ChocoLlama: Lessons Learned From Teaching Llamas Dutch

While Large Language Models (LLMs) have shown remarkable capabilities in natural language understanding and generation, their performance often lags in lower-resource, non-English languages due to biases in the training data. In this work, we explore strategies for adapting the primarily English LLMs (Llama-2 and Llama-3) to Dutch, a language spoken by 30 million people worldwide yet often underrepresented in LLM development. We collect 104GB of Dutch text ($32$B tokens) from various sources to first apply continued pretraining using low-rank adaptation (LoRA), complemented with Dutch posttraining strategies provided by prior work. For Llama-2, we consider using (i) the tokenizer of the original model, and (ii) training a new, Dutch-specific tokenizer combined with embedding reinitialization. We evaluate our adapted models, ChocoLlama-2, both on standard benchmarks and a novel Dutch benchmark, ChocoLlama-Bench. Our results demonstrate that LoRA can effectively scale for language adaptation, and that tokenizer modification with careful weight reinitialization can improve performance. Notably, Llama-3 was released during the course of this project and, upon evaluation, demonstrated superior Dutch capabilities compared to our Dutch-adapted versions of Llama-2. We hence apply the same adaptation technique to Llama-3, using its original tokenizer.
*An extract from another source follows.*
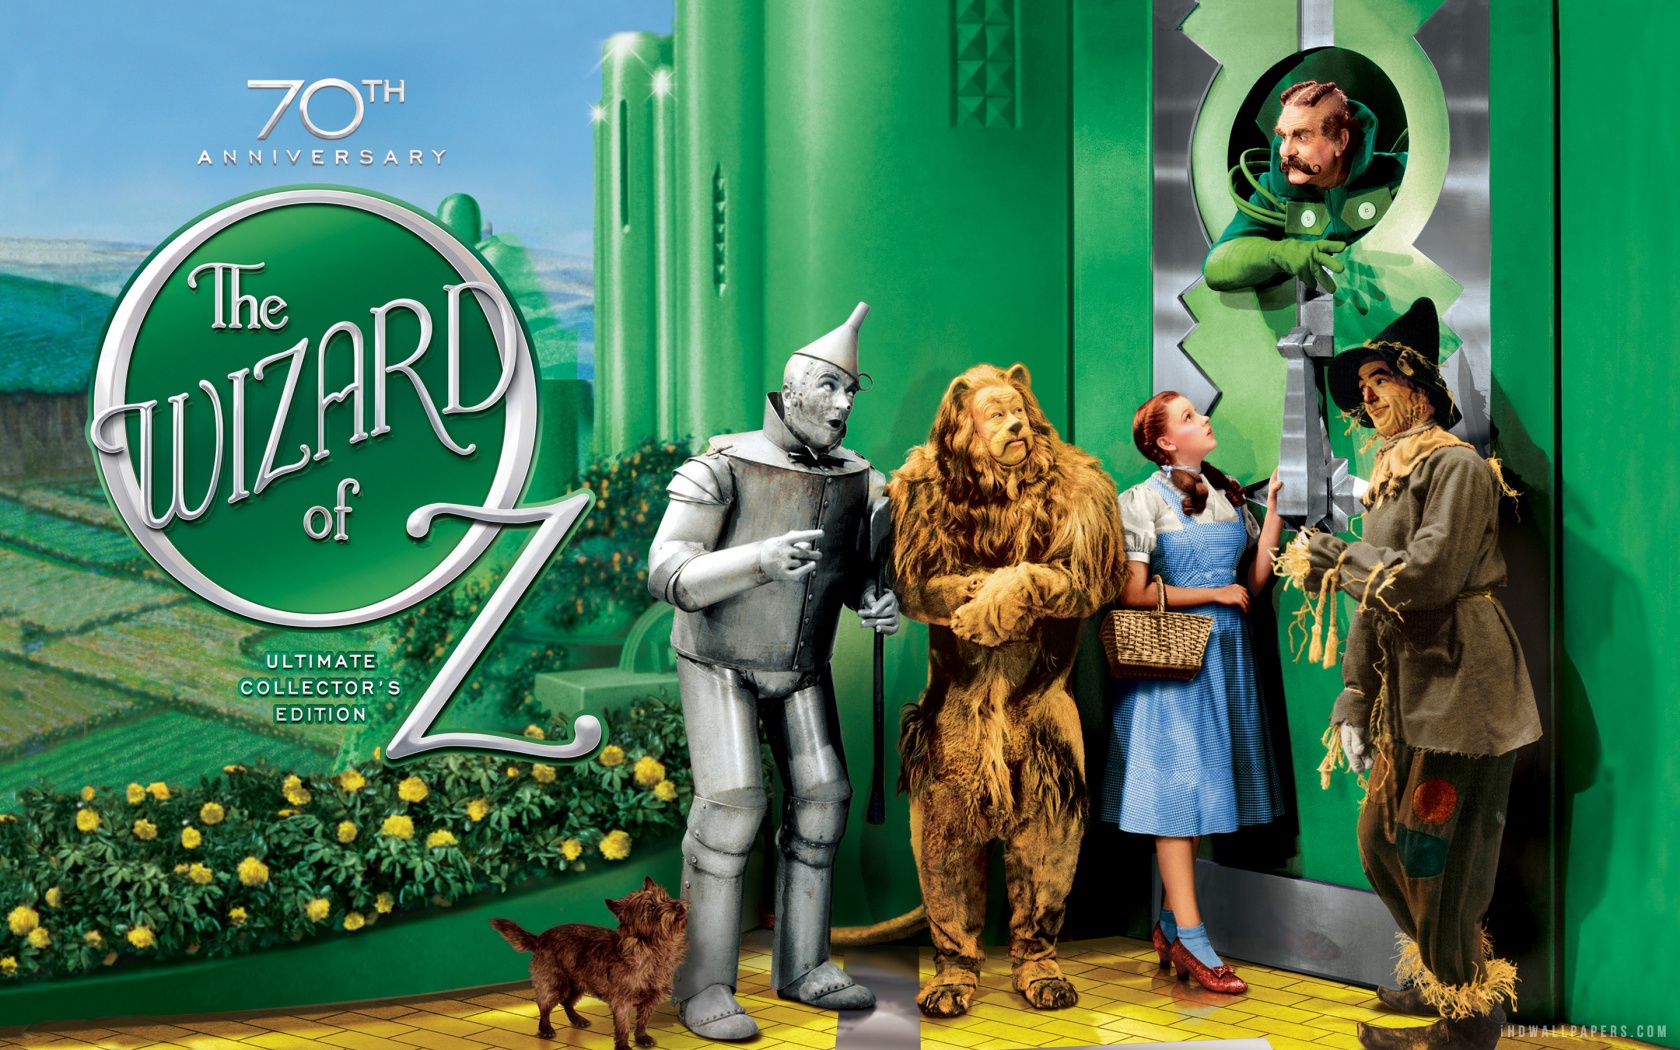 Free Wizard of Oz Wallpaper

While our adaptation methods enhanced Llama-2's Dutch capabilities, we found limited gains when applying the same techniques to Llama-3. This suggests that for ever improving, multilingual foundation models, language adaptation techniques may benefit more from focusing on language-specific posttraining rather than on continued pretraining. We hope this work contributes to the broader understanding of adapting LLMs to lower-resource languages, and to the development of Dutch LLMs in particular.

翻译：尽管大型语言模型（LLM）在自然语言理解与生成方面展现出卓越能力，但由于训练数据中的偏差，其在资源相对匮乏的非英语语言上的表现往往欠佳。本研究探讨了将主要基于英语的LLM（Llama-2与Llama-3）适配至荷兰语——这一全球有3000万人使用但在LLM开发中常被忽视的语言——的策略。我们收集了来自不同来源的104GB荷兰语文本（$32$B tokens），首先采用低秩自适应（LoRA）进行持续预训练，并结合已有研究提供的荷兰语后训练策略。对于Llama-2，我们考虑了两种方案：（i）使用原始模型的词元切分器，以及（ii）训练新的荷兰语专用词元切分器并结合嵌入重初始化。我们在标准基准测试及新构建的荷兰语基准测试ChocoLlama-Bench上评估了适配后的模型ChocoLlama-2。实验结果表明，LoRA可有效扩展至语言适配任务，且词元切分器修改配合精细的权重重初始化能够提升模型性能。值得注意的是，Llama-3在本项目进行期间发布，经评估显示其荷兰语能力优于我们基于Llama-2的荷兰语适配版本。因此，我们采用相同适配技术处理Llama-3（使用其原始词元切分器）。虽然我们的适配方法显著提升了Llama-2的荷兰语能力，但将相同技术应用于Llama-3时效果有限。这表明对于持续演进的多语言基础模型，语言适配技术可能更需聚焦于语言特定的后训练而非持续预训练。本研究期望为LLM在低资源语言适配的广泛理解，特别是荷兰语LLM的发展提供参考。